Tens of thousands of New York City public school students with disabilities are so “severely chronically absent” that they miss nearly two months of instruction per year, a new analysis found.
For the most recent year of data available, 13% of the roughly 200,000 students with disabilities missed 36 or more days during the 2015-’16 school year. That’s about 26,000 students who were absent at least one out of every five school days.
An even higher percentage of those students who were classified with emotional disturbances — 38%, or 4,800 of the 26,000 — missed nearly two months of school that year, according to the Research Alliance for New York City Schools.
“The negative consequences of missing school are well documented for general education students — and are especially detrimental to students with special needs,” the report says.
‘Disenchanted with School’
Dawn Yuster, director of Advocates for Children’s School Justice Project, called the data “alarming” but “not surprising” because of a shortage of mental health and emotional supports for students in schools.
She accused the Department of Education of not prioritizing services, pointing out that there are more NYPD school safety agents — about 5,500 — than psychologists, guidance counselors and social workers in the public schools, according to elected officials.
There are 1,100,000 students in NYC schools.— Mark Treyger (@MarkTreyger718) March 20, 2019
Yet our schools only have:
1,335 Social Workers
2,958 Guidance Counselors
560 School Psychologists
We have more School Safety Agents (5,500) than Guidance Counselors, Social Workers, and School Psychologists combined.

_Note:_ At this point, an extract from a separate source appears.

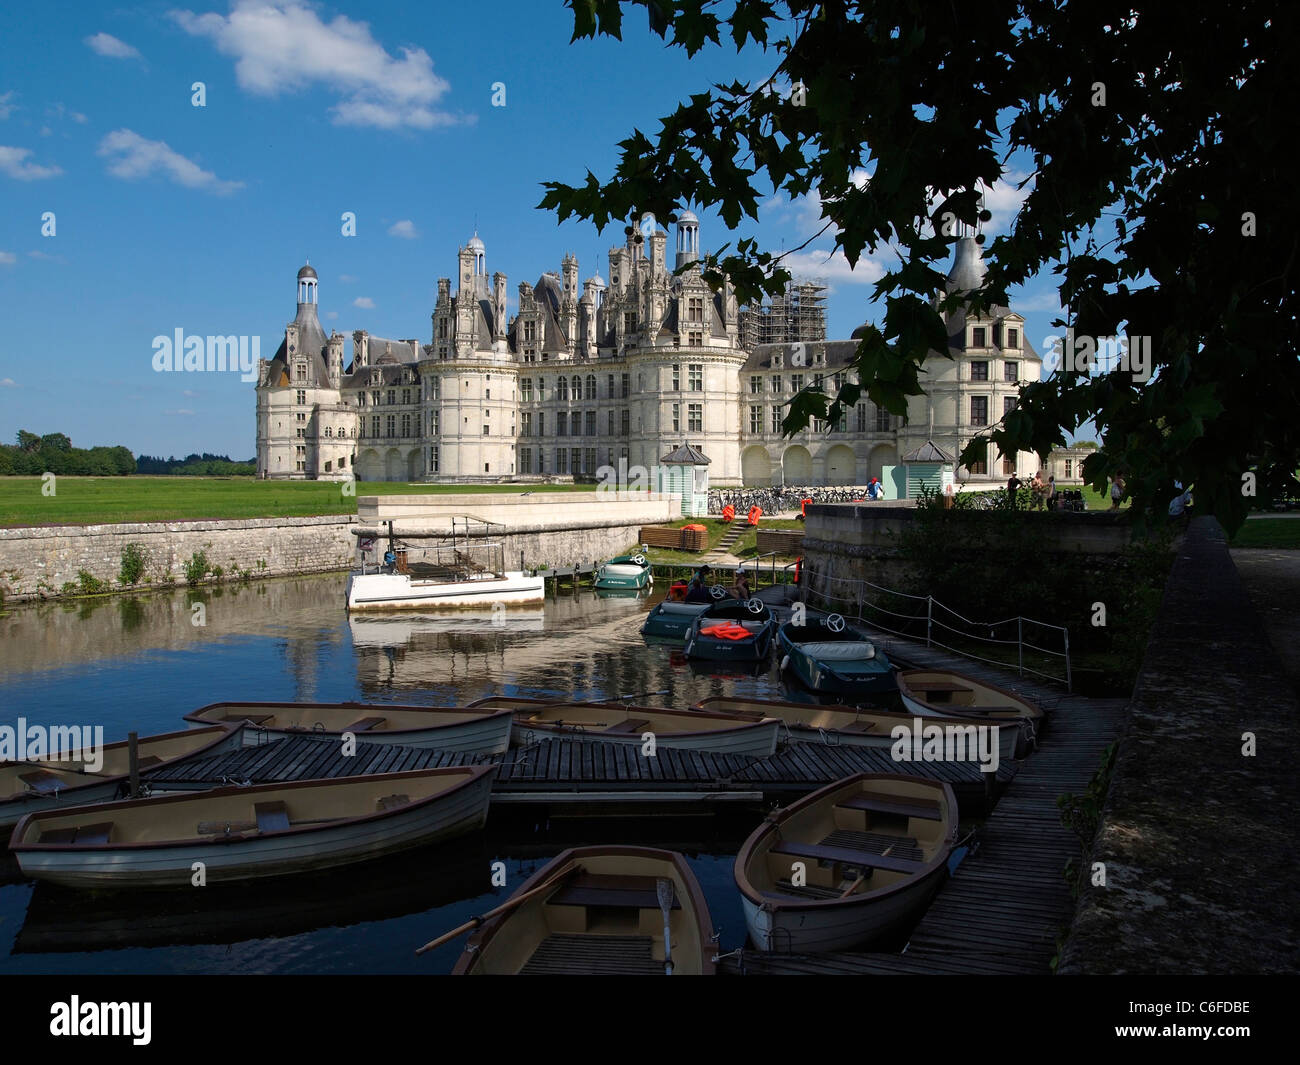 Tourist rental boats at the Chateau Royal de Chambord castle, Loire valley, France Stock Photo

“We see this in our case work all the time where sadly students have [educational plans] that show they’re not receiving evidence-based academic and social-emotional supports, and they end up getting totally disenchanted with school,” said Yuster. “Some of them have anxiety and don’t go to school because they’re not doing well academically.”
The findings come on the heels of last week’s release by the State Education Department of test scores for kids in grades 3 to 8, which showed slight gains for students with disabilities — but a huge gap with their general education peers.
In math, 17.5% of students with disabilities scored at grade level in 2019 compared to 53.4% of general ed kids.
In English, the gap was even bigger, with 16.1% of students with disabilities scoring proficiently in 2019, compared with 56.2% of general ed students.
Students Fare Better in Integrated Classes
A prior study from NYU’s Steinhardt Institute for Education and Social Policy found that special education students who spend more time in classrooms together with their general education peers tend to attend school more than students placed in special ed-only classes.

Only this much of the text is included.